THE coronavirus crisis is set to cost Hampshire councils around £80m and the cost could go up, it has been revealed.

According to Hampshire County Council’s latest estimate, the authority will spend £68m in the 2020-21 financial year to respond and recover from the pandemic.

Winchester City Council is facing a pessimistic forecast of a deficit of £12m on an annual revenue budget of £18m.

The city council is losing millions of pounds with a collapse in revenue from car parking, River Park Leisure Centre, council tax and business rates.

The news comes as both Hampshire and Winchester councils received a major cash boost from central government over the past months.

So far the Government response has been funding totalling £1.28 million.

Cllr Lucille Thompson, Winchester City Council leader, previously said: “At the start of the crisis the Government said ‘spend what it takes, you will be reimbursed’. We took them at their word. We hope they will honour their promise to us so we can continue to provide high-quality services to local people.”

Meanwhile, Hampshire County Council said it does not need to prepare an emergency budget at this stage but cabinet members will consider a report on the financial impact of Covid-19 at a meeting next month.

The authority said its net revenue budget for 2020-21 is £795m and it expects its total usable reserves to be around £575m in 2019-20.

However, of this amount 96.1 per cent is earmarked for a specific purpose, the council said, with unallocated reserves standing at £22m.

Cllr Keith Mans, leader at the county council, said: “As anticipated, our response to the fast-moving Covid-19 pandemic is incurring additional costs for the County Council – which we continue to monitor, and we regularly report our financial forecasts to central Government. There will also be further costs and losses associated with the recovery phase of the crisis, such as increased demand for social care support, and efforts to restore the wellbeing of Hampshire’s communities and the economy. However, it is difficult to predict with absolute certainty the costs that we may face beyond the end of June, and our recovery and demand costs can only be speculative at this stage. We will be undertaking further work to explore the evolving financial picture in greater detail – in particular, as we emerge from lockdown over the coming weeks and months.”

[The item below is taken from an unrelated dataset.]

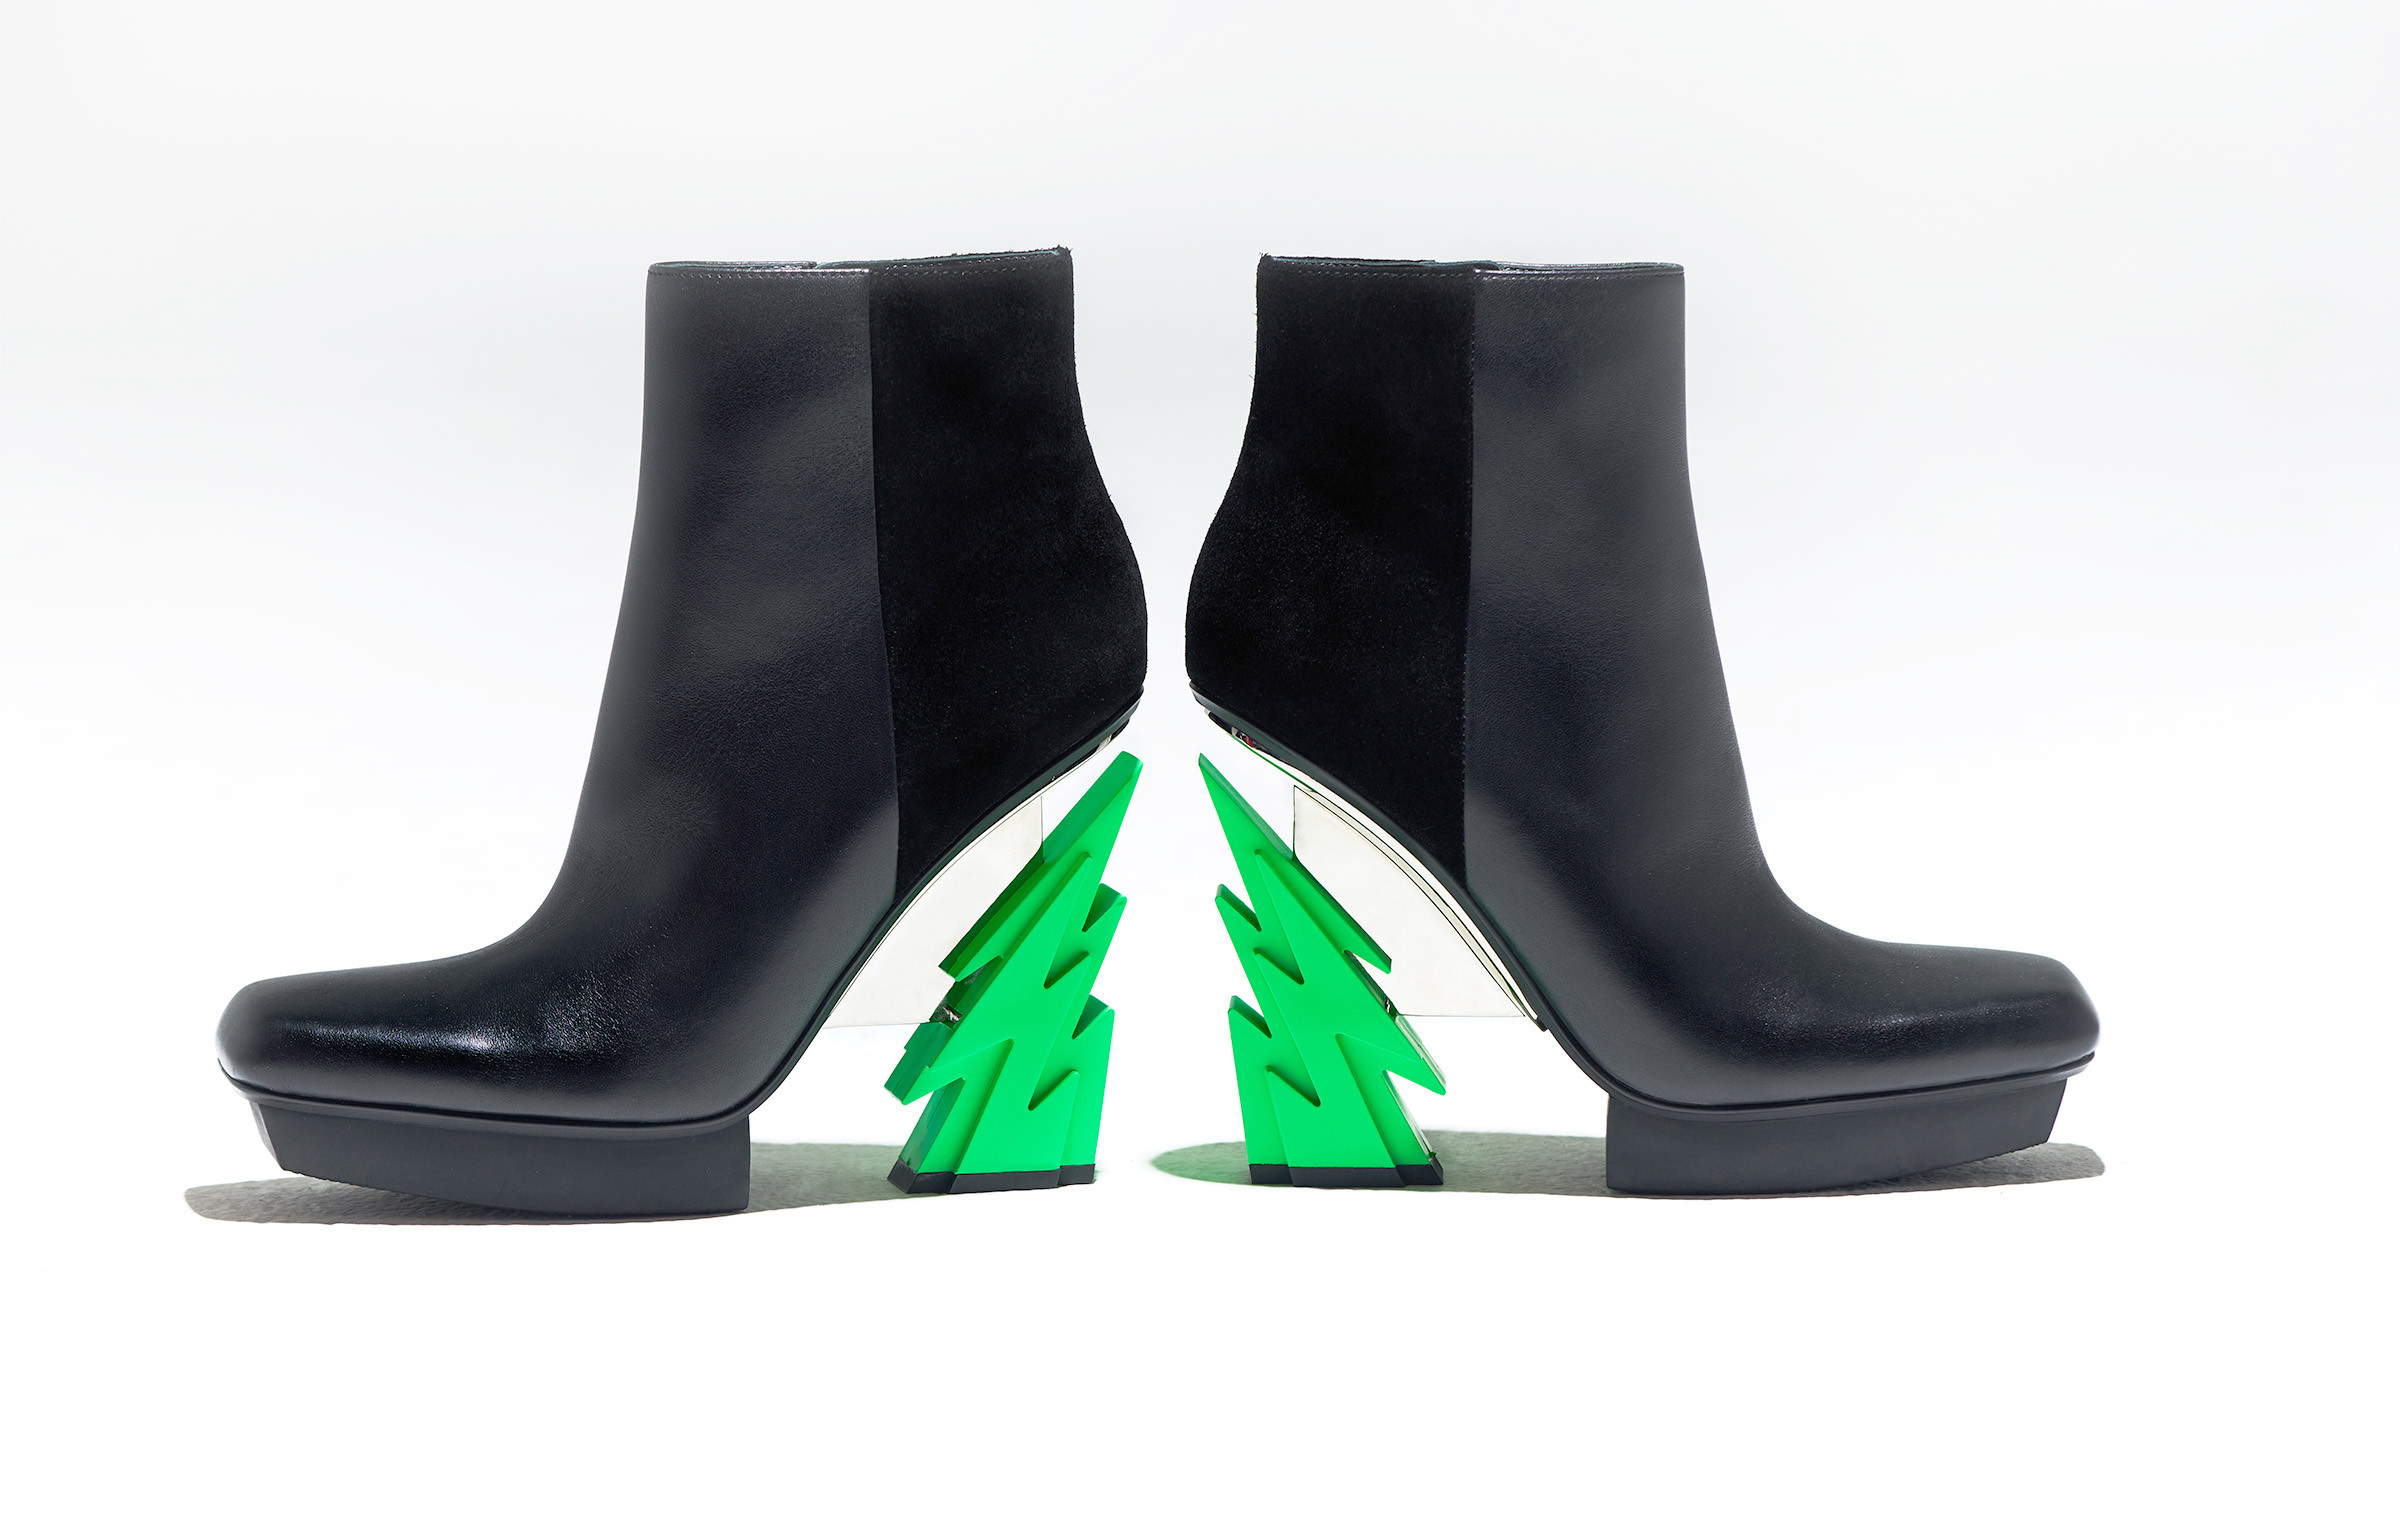 The flashiest model in town - UN Glam Square Boot
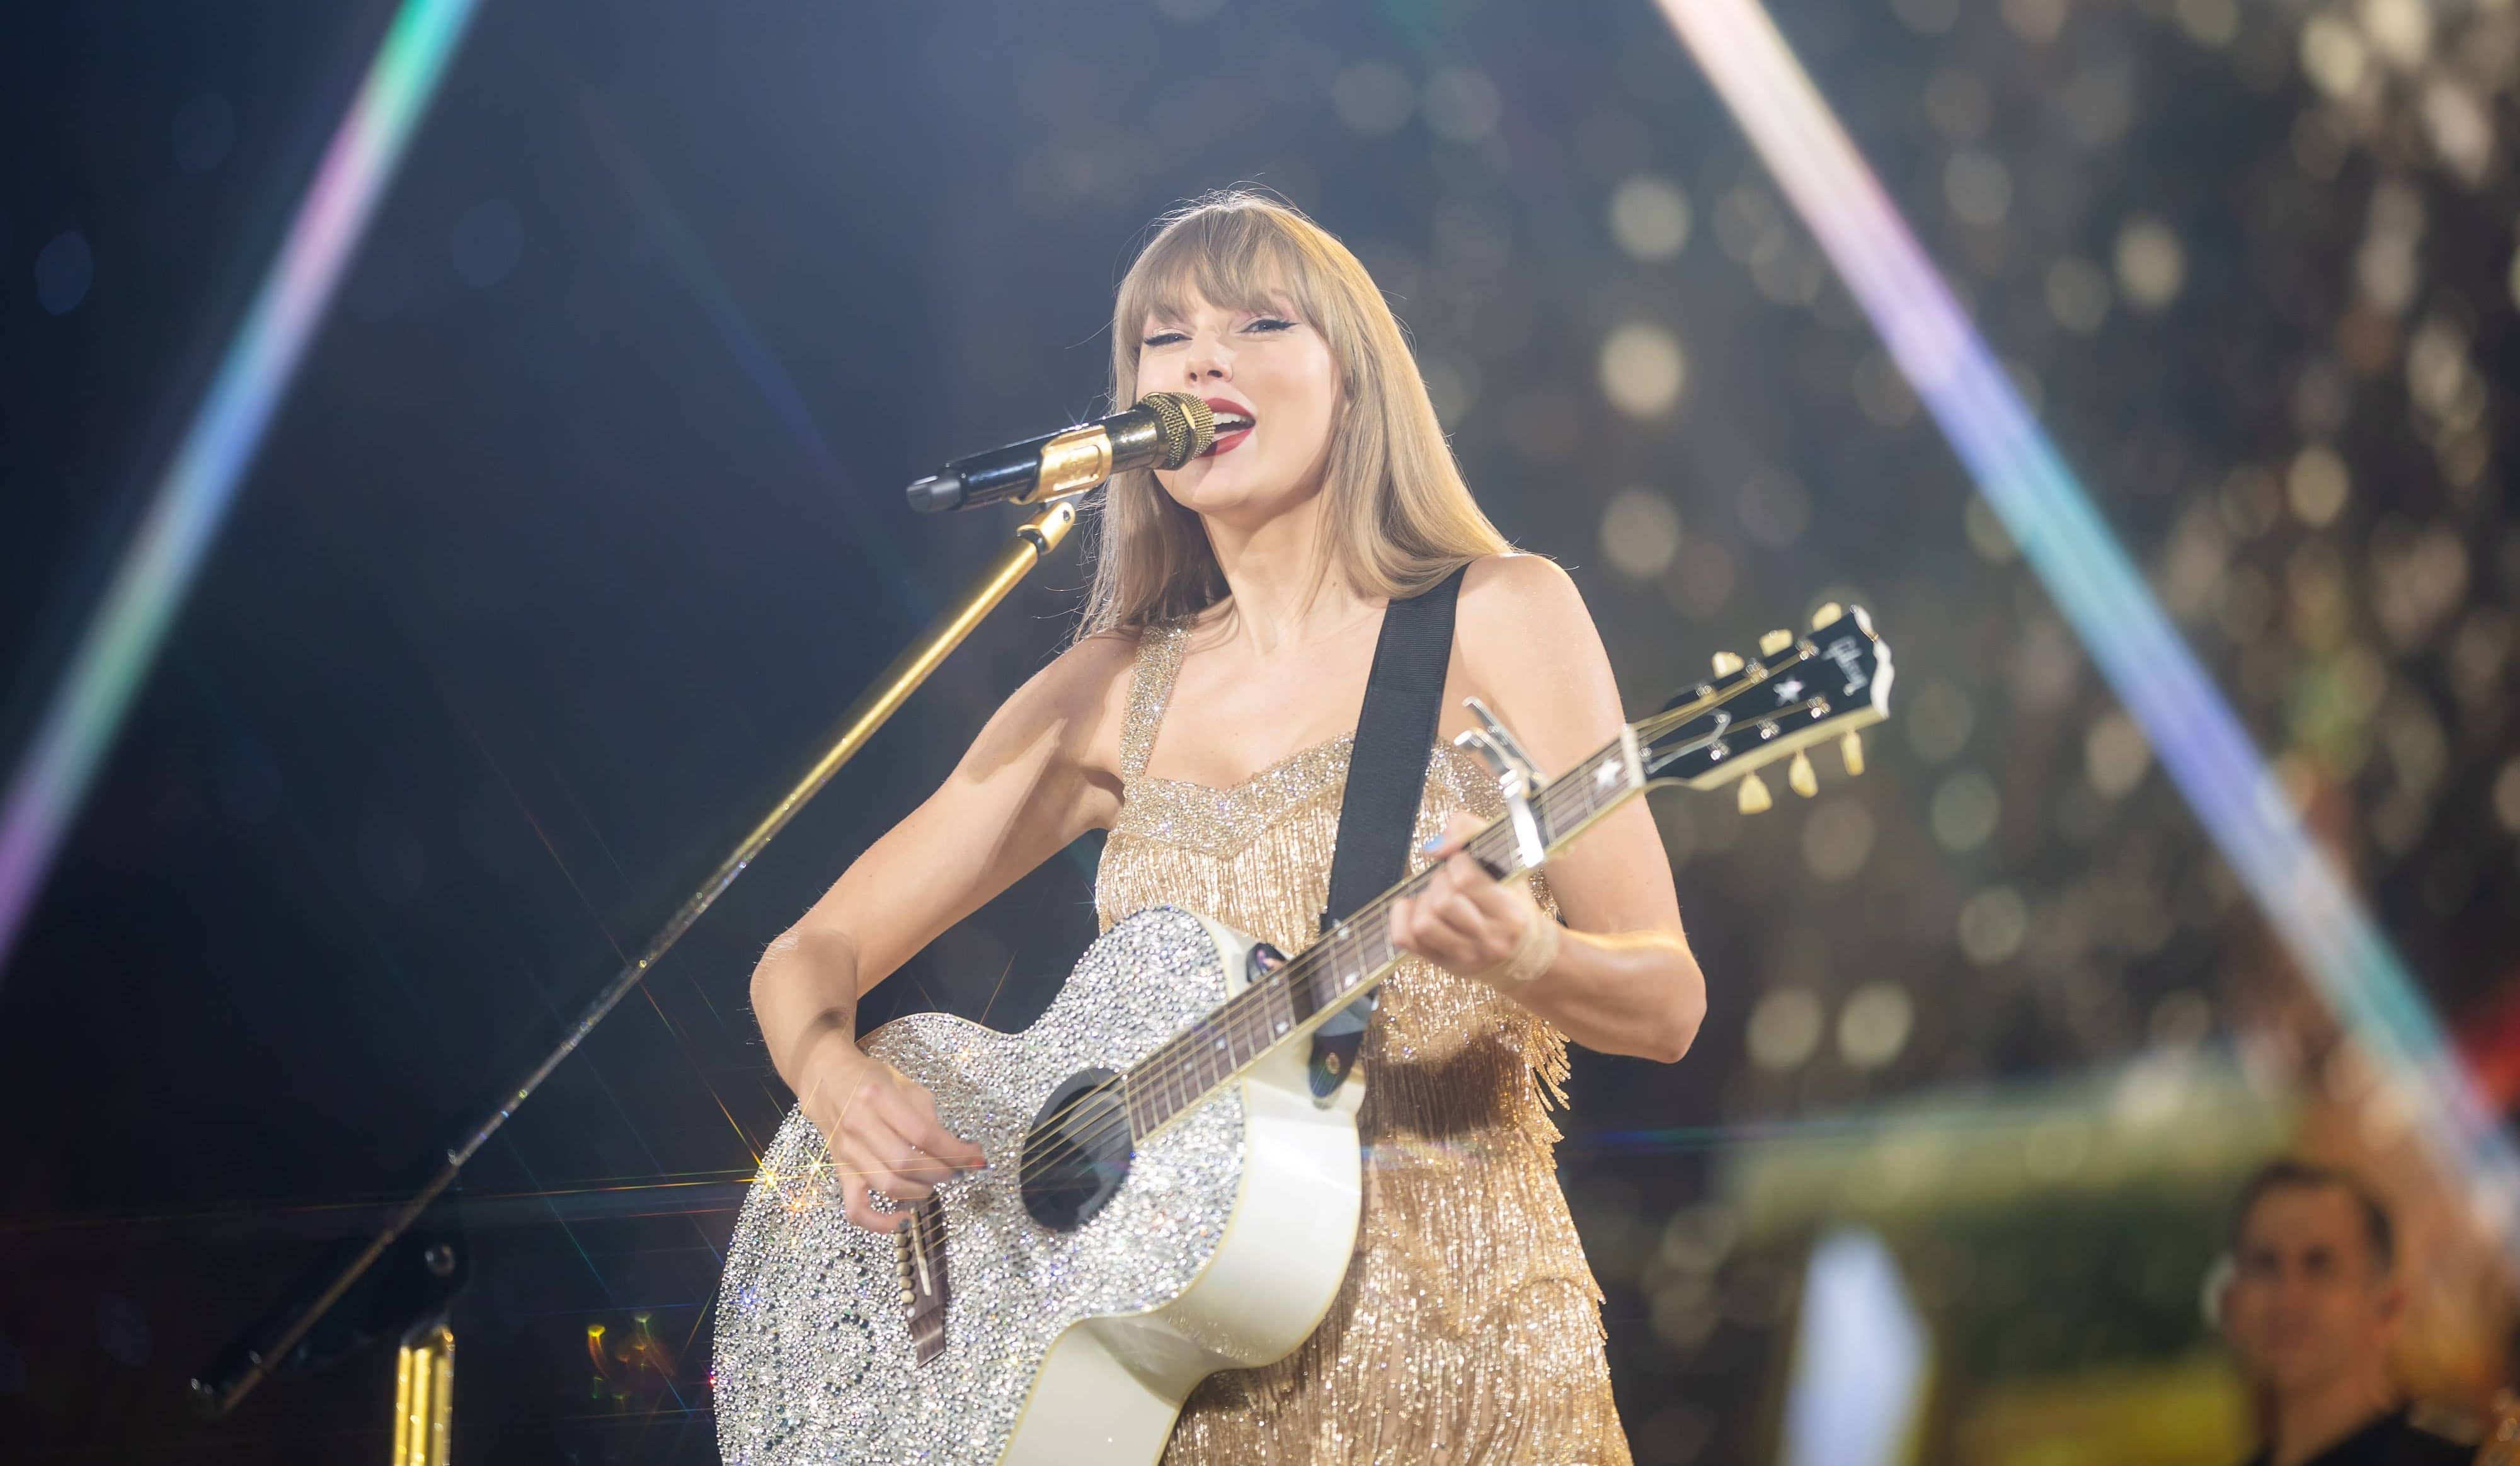 How to find Taylor Swift's '1989' vault song list on Google

As previously reported, last month county councillor Alan Dowden raised concerns over the future financial position of the county council after a report revealed that by the end of June the authority may have to foot a £96.2m bill.

The amount includes the estimated cost of the response until the end of June as well as savings the council had already planned to make.

The Ministry of Housing, Communities and Local Government (MHCLG) has granted a total of £3.2 billion to councils in England over the past months.

The government said the funding will support councils through immediate pressures faced due to the pandemic.

A spokesperson for MHCLG said: “Hampshire County Council has received nearly £54m of the £3.2 billion to deal with the pressures of coronavirus, while its core spending power rose by over £55 million this financial year even before additional emergency funding was announced. The Government will continue to work closely with councils as the pandemic progresses and tackle the pressures they have told us they’re facing.”